Frankie McPhillip had once told him that they tracked a man to the Argentine Republic, somewhere the other side of the world. Shot him dead in a lodging-house at night too, without saying a word. What d’ye think of that?
“All right,” he said at last, “put away yer gat, Tommy. I’ll stay quiet.”
A few people had gathered on the far side of the street and were looking on curiously. An immense crowd would have already gathered on ordinary occasions, but there was tension and anxiety in the district that night. Shooting might begin at any minute. It was always so.
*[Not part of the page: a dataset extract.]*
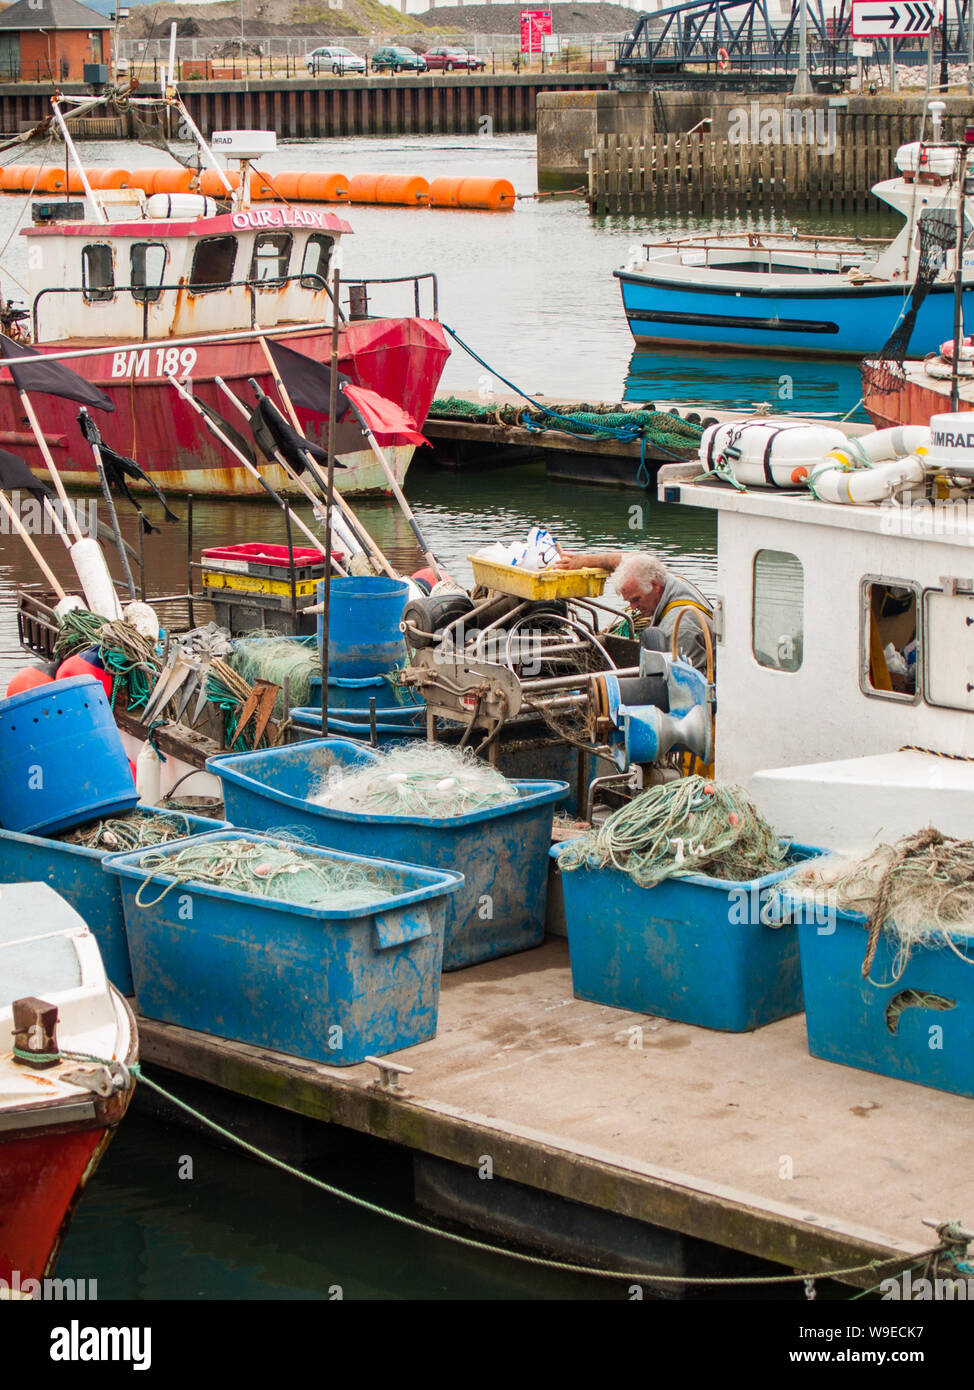 Port de plaisance de Swansea. Les bateaux de pêche sont amarrés au quai. L'équipement de pêche et des filets sont sur le quai. Un pêcheur est de travailler sur son bateau. Pays de Galles, Royaume-Uni. Banque D'Images

One death brings another in its train. Each man thought this in his own mind, although nobody breathed a word. It was a kind of silent terror.
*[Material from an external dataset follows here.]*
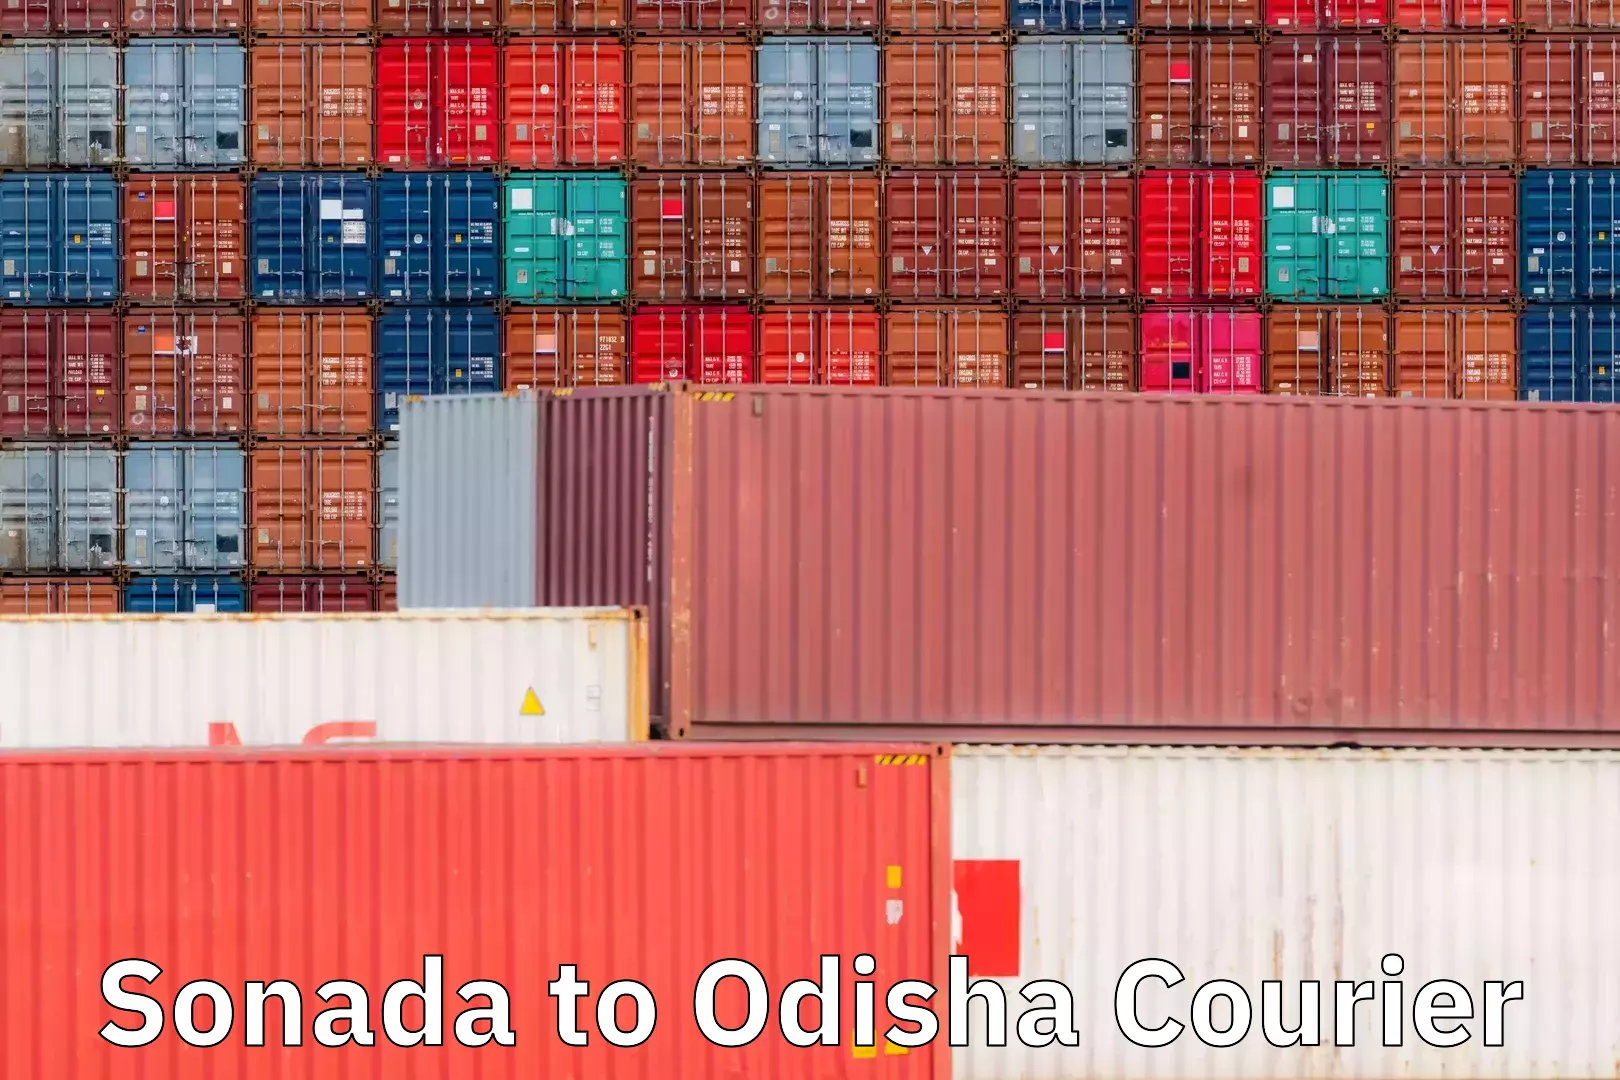 Express delivery capabilities Sonada to Odisha

“Come on, boys,” said Connor, “let’s get away from here. We’re gatherin’ a crowd.”
“Come on down to Ryan’s,” whispered Mulholland to Gypo, in his usual lazy, insinuating voice, as if nothing had happened, “Commandant Gallagher is down there. He wants to see ye.”
“What does he want with me?” growled Gypo. “I’m not a member o’ the Organization any more. He’s got nothin’ to do with me. I’m not goin’.”
“Come on, man,” whispered Connor, “don’t stand here chawin’. He’s not goin’ t’ate ye. Come on. Is it afraid o’ the Commandant ye are? Why so?”
“I’m not afraid of any man that was ever pupped,” growled Gypo. “Come on.”
The three men walked off abreast, in step like soldiers, their feet falling loudly on to the wet pavement, heels first. At the corner the footfalls became confused. Gypo spat into the street. Mulholland sneezed. They entered the public-house by a little narrow side door that had a bright brass knob on it. They went along a narrow passage, through a stained-glass swing door, into a brightly lit oblong room.
A man was sitting by a little gas fire on a high three legged stool facing the door. When Gypo saw the man he stopped dead.
The man was Commandant Dan Gallagher.